Electric Truck Knowledge
Thermal Management Analysis and Verification of Pure Electric Vehicles
Posted on by Electric Trucks
The power battery, being one of the core components of electric vehicles, has a direct impact on the industrialization process of electric vehicles. During actual vehicle driving, conditions such as frequent acceleration, constant speed, and deceleration changes occur, along with the external environment’s low temperatures and high heats. Relying on traditional theoretical calculations or empirical analyses is insufficient to meet the thermal management requirements of pure electric vehicles. Instead, the more mature CFD (Computational Fluid Dynamics) technology is necessary to conduct a more precise assessment and analysis of the thermal management of power batteries, reasonably optimize the internal thermal environment of the battery pack, and enhance its safety and reliability.
1. Thermal Management System Architecture and Working Principle
During the charging and discharging processes of the power battery, especially during high-current charging and discharging, the battery itself generates a temperature rise, which subsequently affects the safety performance of the battery. Additionally, uneven temperatures among different individual batteries within the battery pack can result in an uneven distribution of battery capacity and shorten the overall service life of the battery pack. These issues need to be addressed by designing an efficient thermal management system, which can, to a certain extent, reduce the energy consumption of the entire vehicle.

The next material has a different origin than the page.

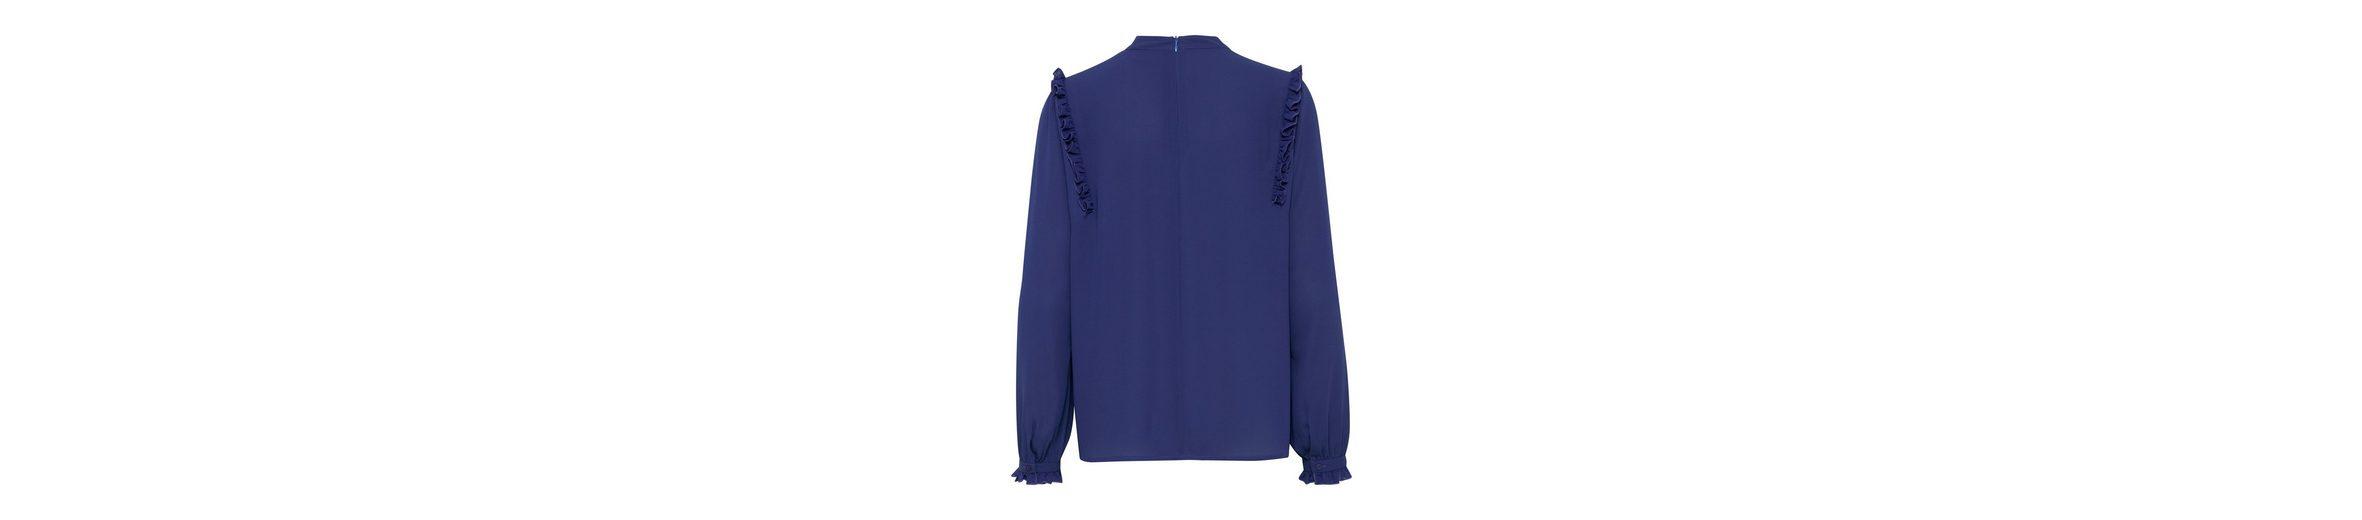 Neueste Online Rabatt Exklusiv b.young Shirtbluse Fae Online Wie Vielen Verkauf Guenstige Lh0Bn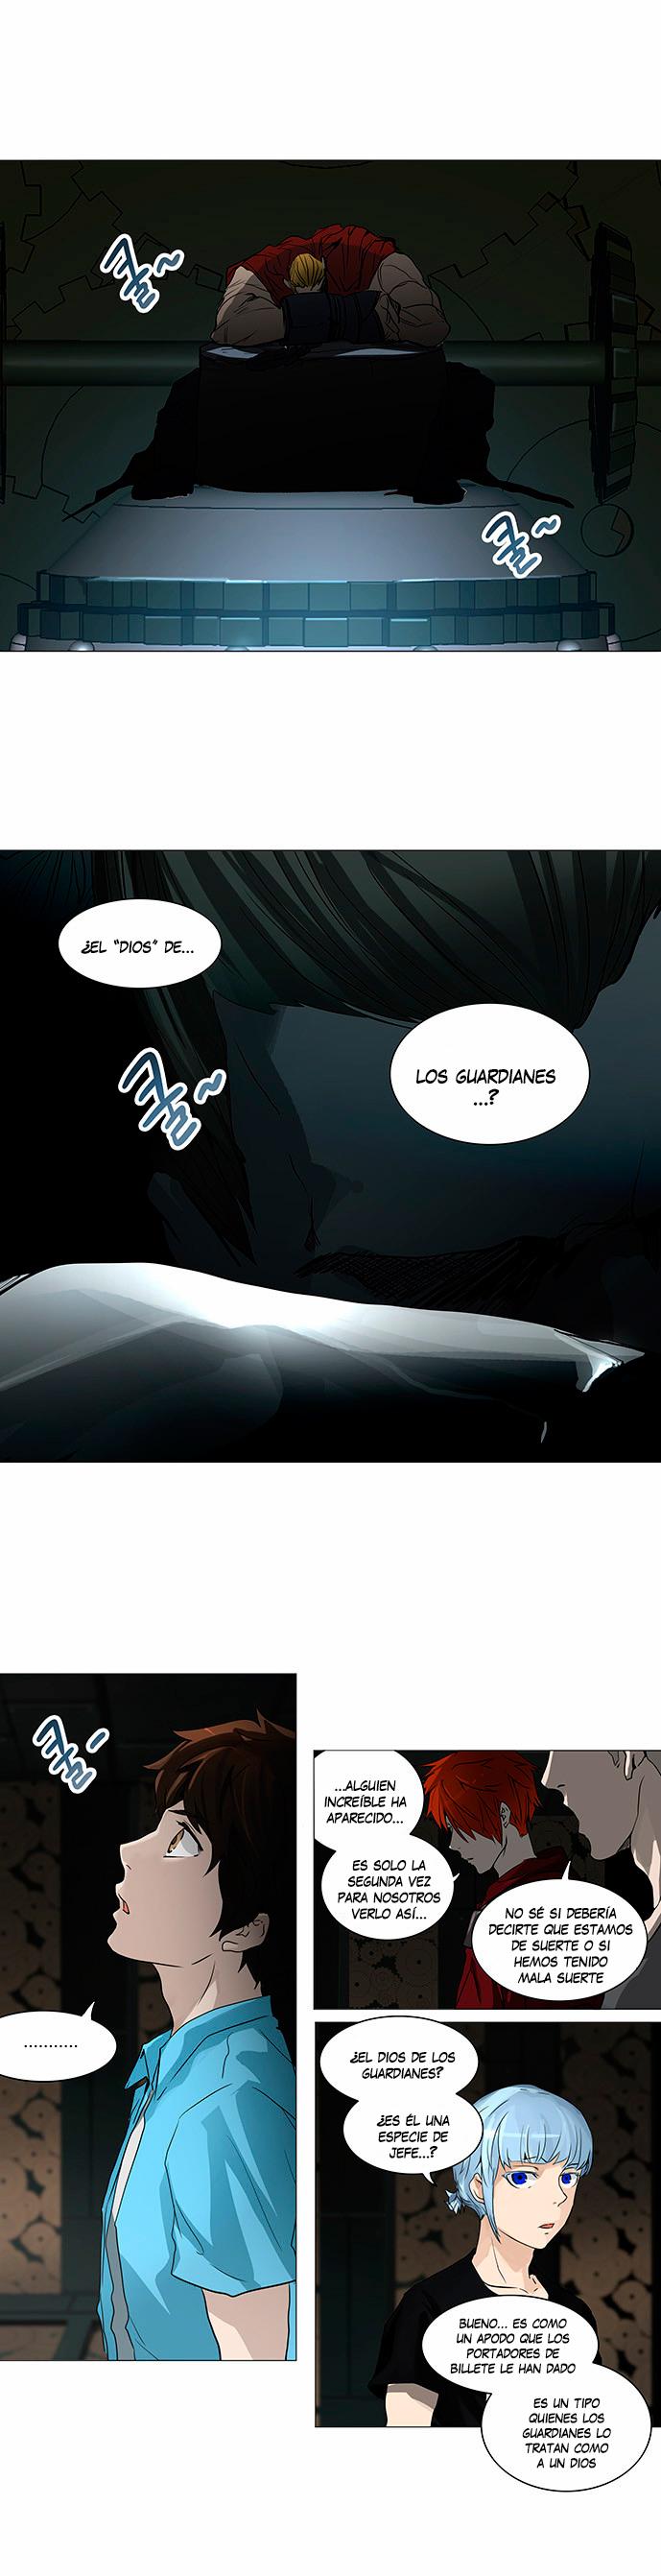 http://c5.ninemanga.com/es_manga/21/149/417885/f48c04ffab49ff0e5d1176244fdfb65c.jpg Page 2

1.1 Thermal Management System Architecture
The thermal management system of a certain pure electric vehicle adopts a dual evaporator system, and its architecture is depicted in Figure 1. Specifically, the cooling capacity generated by the electric compressor of the pure electric vehicle is utilized to cool the battery pack through the auxiliary evaporator added inside the power battery pack, achieving the objective of simultaneously cooling the passenger compartment and the battery pack.
The dual evaporator thermal management system separates the main evaporator used for cooling the passenger compartment and the auxiliary evaporator used for cooling the battery pack from the pressure sensor via the refrigerant pipeline into two parallel branches. Each branch is equipped with an electronic expansion valve and an evaporator, enabling independent control of the two branches. To prevent excessive pressure differences between the main and auxiliary evaporators and the compressor, a pressure balancing device needs to be connected among them.
The auxiliary evaporator placed within the power battery pack achieves cooling by blowing the surrounding air with a small fan arranged on its surface. The layout diagram is presented in Figure 2.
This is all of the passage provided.